Presented by VMware
There is a good reason that experts cite the hybrid cloud as the preferred strategy for enterprise cloud adoption: Most organizations can benefit from the security and control of a dedicated private cloud combined with the scalability and reliability of the public cloud. But one common pitfall that many organizations fail to consider when adopting a cloud strategy is a lack of consistency in their infrastructure and IT operations.
For a hybrid cloud strategy to be most effective, it must offer a combination of private and public clouds that share consistent infrastructure — that is, a platform that enables IT teams to deploy applications seamlessly across public and private clouds — and provide consistent operations between all centers of compute and data. This gives organizations the flexibility to place workloads in environments that best serve the demands of both business and users. Such a strategy also enables more-effective cost management.

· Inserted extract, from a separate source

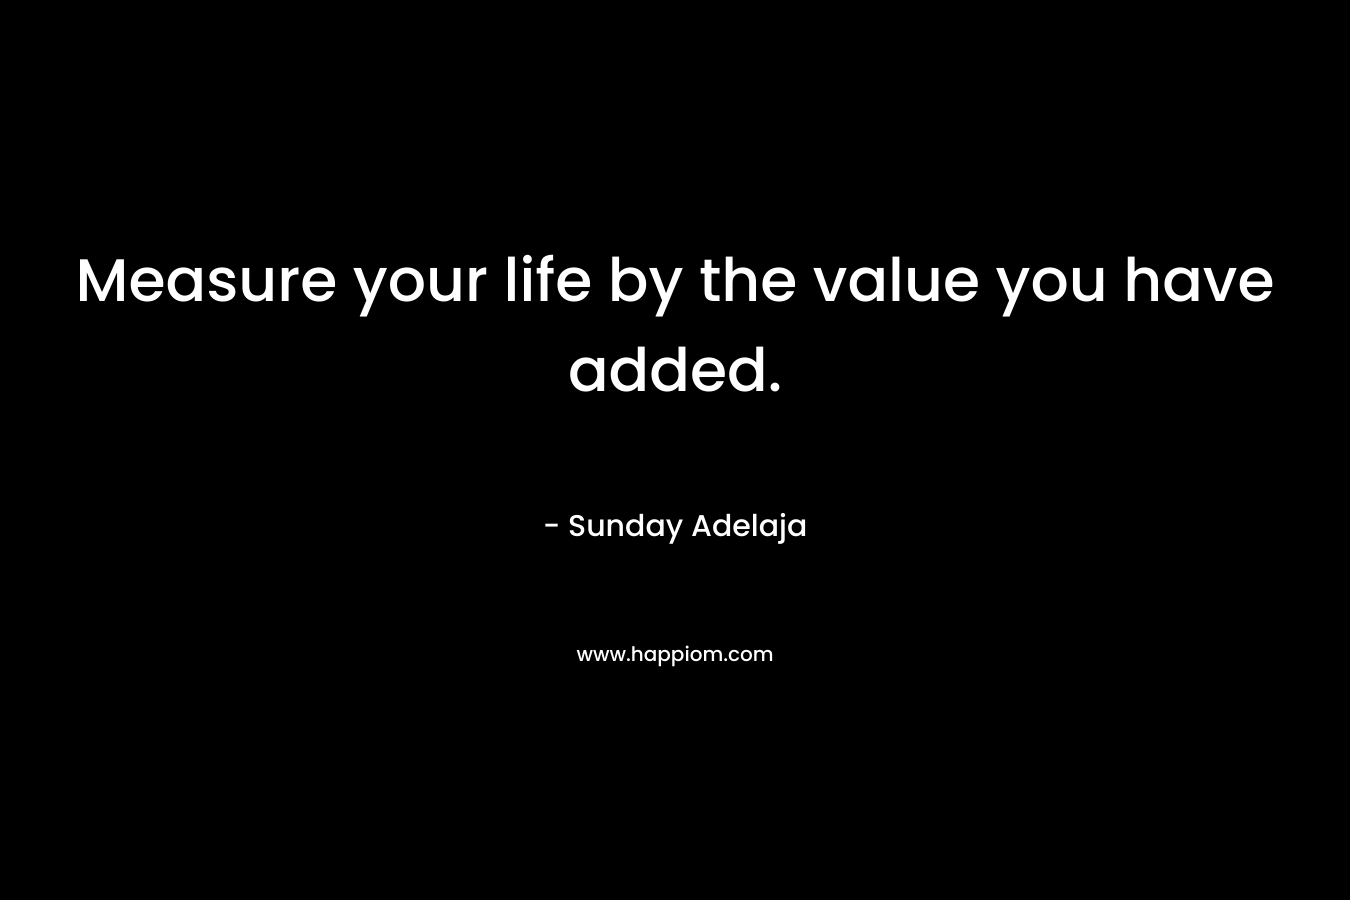 Measure your life by the value you have added.

As business requirements evolve or financial situations change, IT teams can easily move applications to another, more appropriate cloud environment and reallocate resources between the core, the cloud, and the edge without the need to replatform applications. Globally, 83 percent of organizations are looking for a consistency in their cloud infrastructure and for solutions, such as VMware Cloud Foundation, that enable applications to be deployed with the same operational models and executions on either public or private clouds. That kind of freedom and flexibility has tangible benefits, both operational and economic, and unleashes the full potential of the hybrid cloud model.
Consistent infrastructure, consistent operations
One of the key benefits of a consistent infrastructure is the ability to utilize the best of what public and private clouds have to offer without introducing additional risk or complexity. Organizations can tap into private clouds built for their specific needs while maintaining control over their platform’s architecture and operations, whether mandated by regulation or dictated by application and user requirements. Likewise, organizations can consume compatible public cloud resources for workloads with unique requirements, ephemeral life spans, or geographic and data locality considerations.
A consistent infrastructure reduces the risk of operational inefficiencies, enabling seamless transitions between clouds for both business teams and end users. Consider the alternative: Administrators for a company that has public and private cloud solutions — but not a common infrastructure between them — expend greater time and resources managing disparate technologies and processes while users navigate inconsistencies when switching between cloud solutions. This kind of inconsistency can lead to concerns over wasted time and money, and ultimately leads to an increased security risk.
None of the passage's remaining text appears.